Batch rendering is already powerful, but Agent Mode fully automates your rendering process.
It behaves like a watch folder, but for data.
It periodically scans your connected data source for new input and automatically starts rendering when available.
It can run 24/7 on a dedicated rendering machine, providing an ideal render-on-demand solution for your Adobe After Effects projects.

This opens a world of possibilities!
A common use case is an Asset Order Form (e.g., Google Forms) filled out by a customer with specific preferences for headlines, colors, brand elements, format, length, etc.
This data lands in the connected data source, and the Agent automatically generates the requested video based on your templated After Effects project.

Info

The Agent scans for new data every 15 seconds.
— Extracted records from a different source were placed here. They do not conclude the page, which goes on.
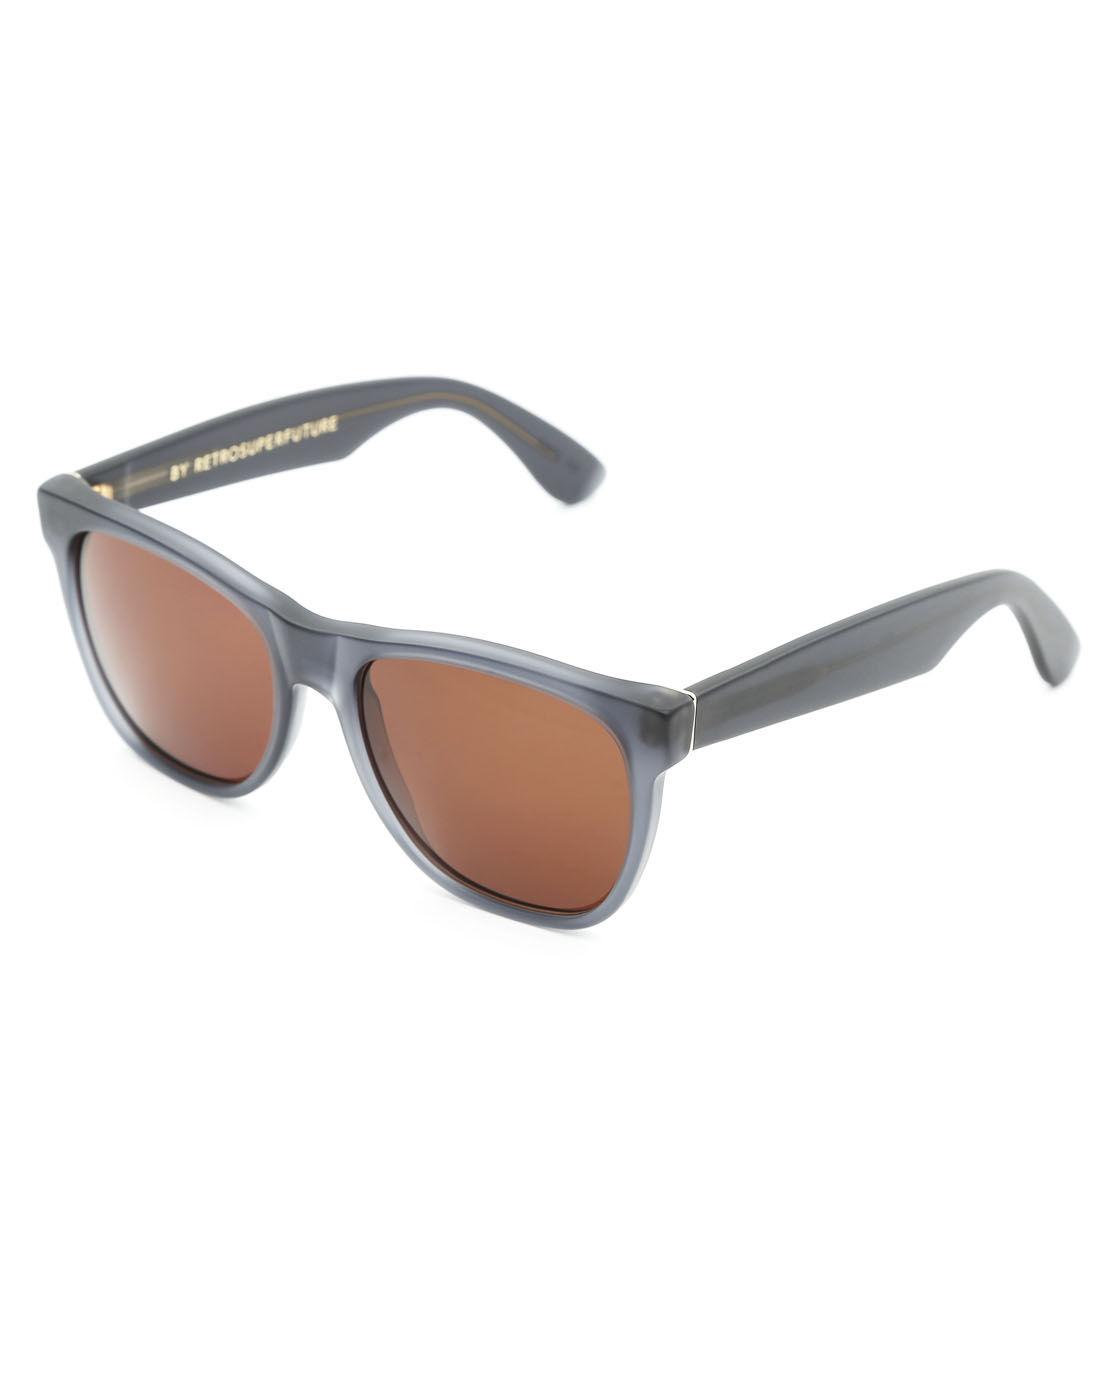 5dc0f9083c Super Dark Sunglasses Ray Ban « Heritage Malta
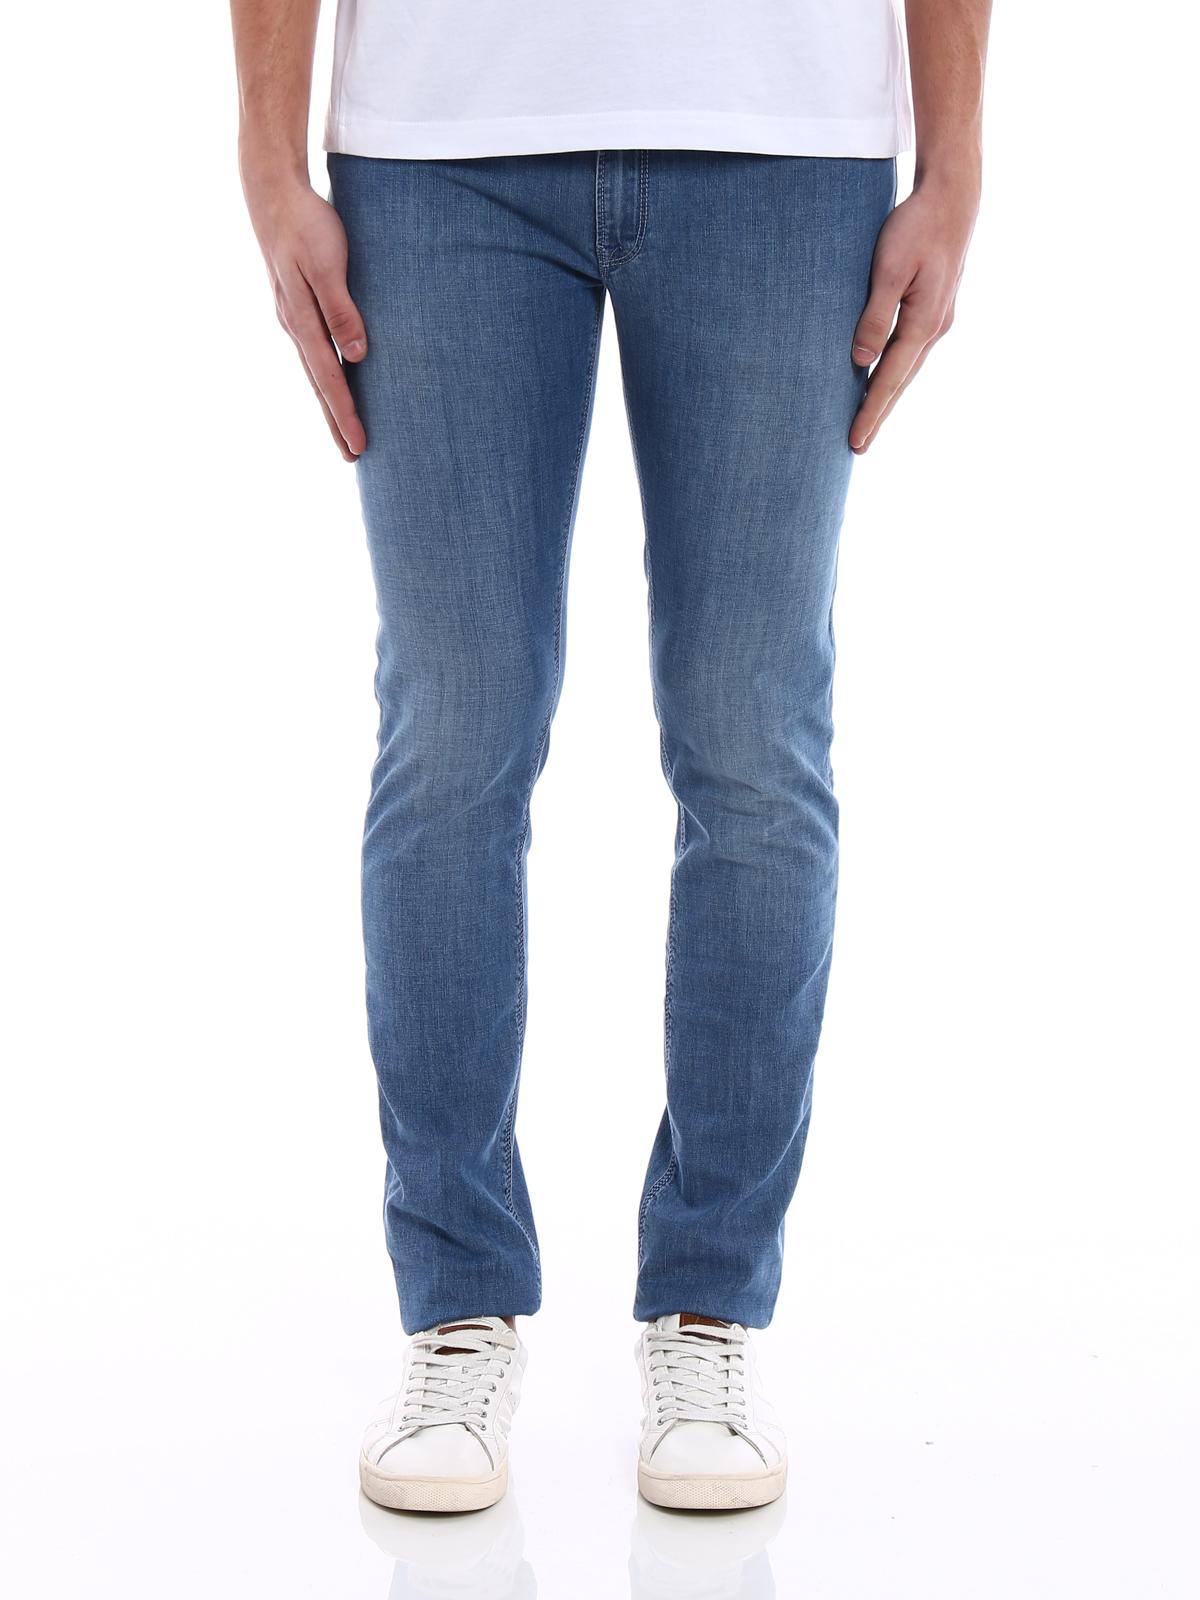 Fay Jeans in denim di cotone slim fit jeans dritti, a
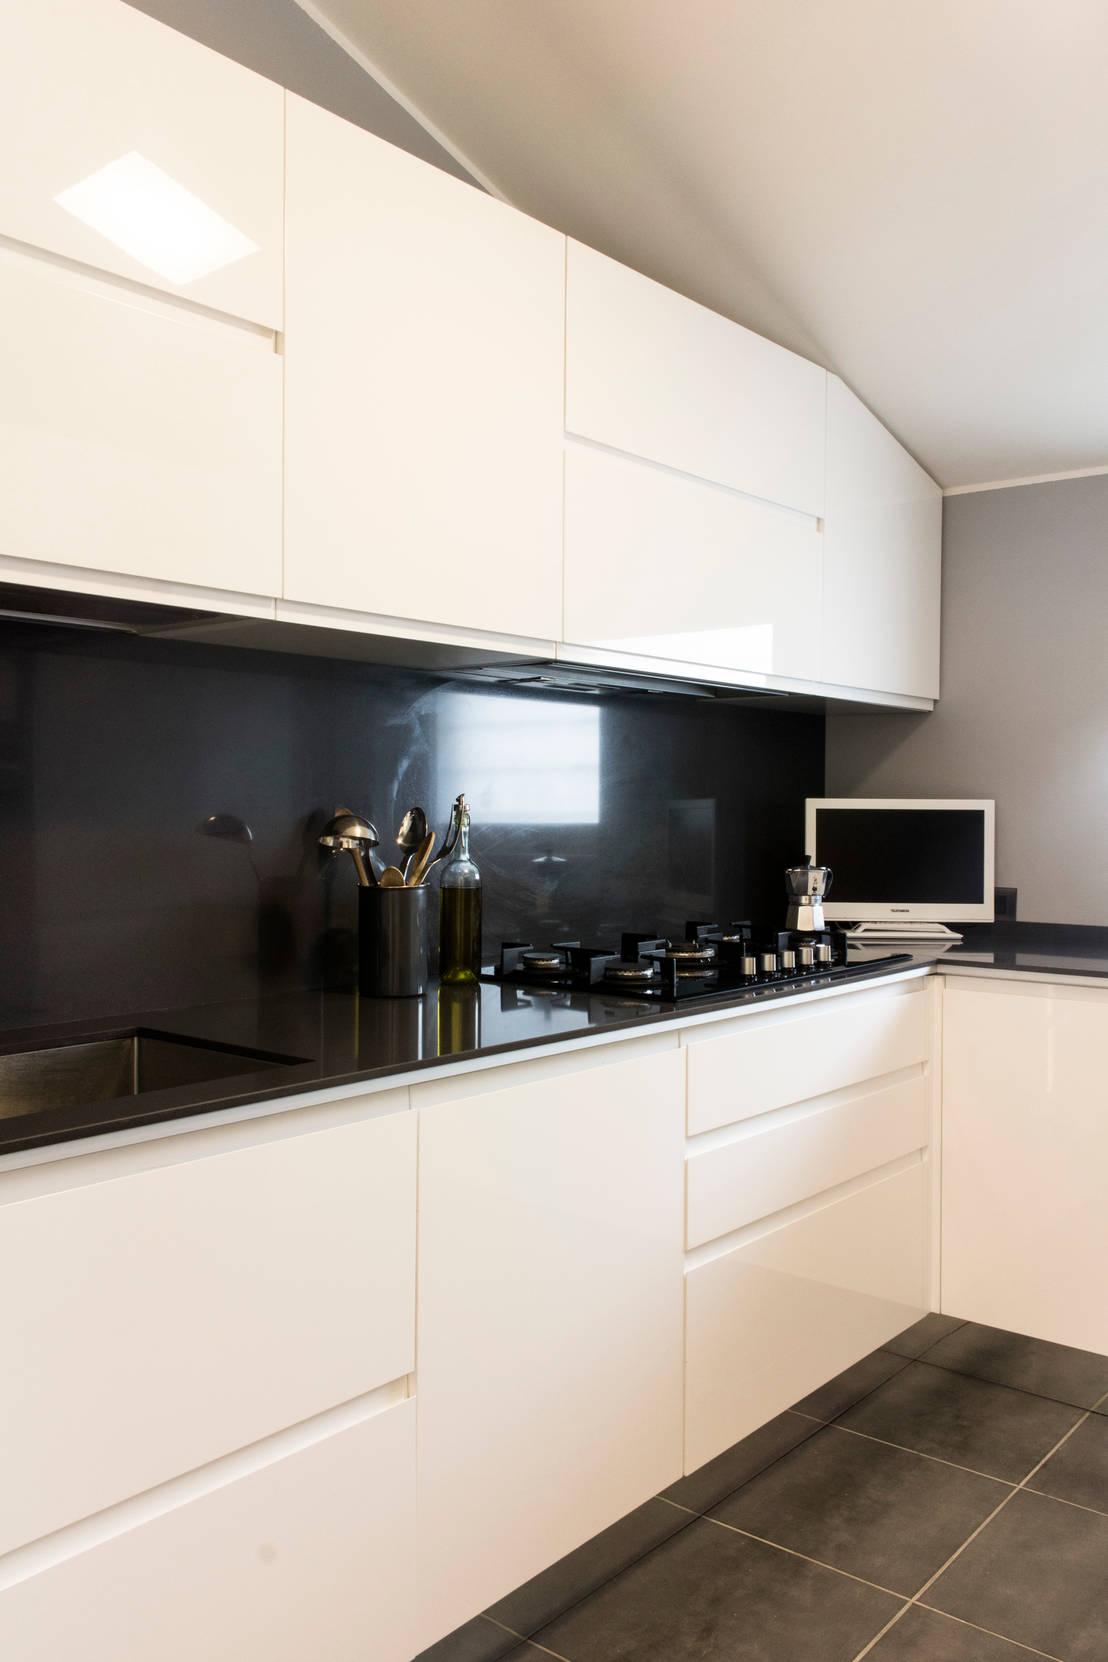 Cucina in bianco e nero - Rivestimento cucina bianco ...
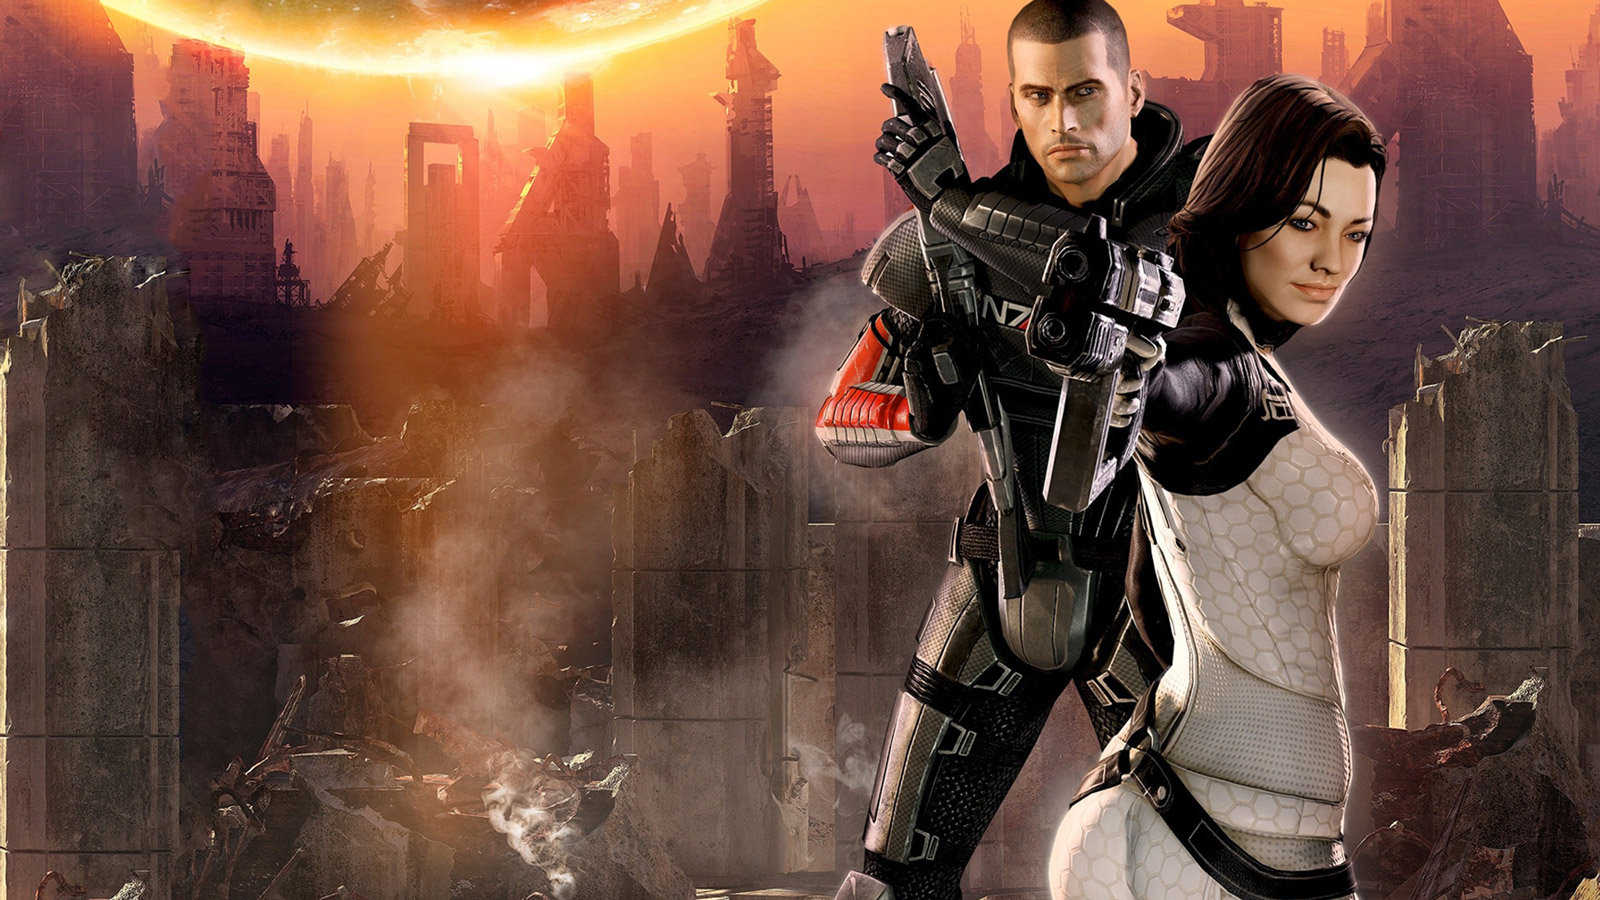 Free Mass Effect 2 Wallpaper in 1600x900

Getting the Most Out of Agent Mode

A really big benefit of Agent Mode is that it can monitor more than one data source at a time!
For example, in your Google Sheets selection, you can add as many Google Sheets as you want to your connected sheets selection.
This allows you to make the most of your rendering infrastructure.
Say you have multiple campaigns that are all connected to a front-end user fill-out form.
Each of these campaigns has very different needs of input data, render settings, output destinations, etc., so they all need a different Google Sheet suited to the needed parameters.
Without the ability to connect multiple data sources to Agent Mode, you would need to have multiple machines and Dataflow licenses set up to monitor each data source and render when new data comes in.
That's why connecting the Agent to more than one data source is so powerful, allowing you to squeeze everything out of your rendering Agent🤖.

On the other hand, you can also run multiple Agent instances on the same data source to distribute heavy rendering workloads.

Note

To manage rendering priority, the Agent scans connected data sources from top to bottom, processing the first source with new data before moving to the next.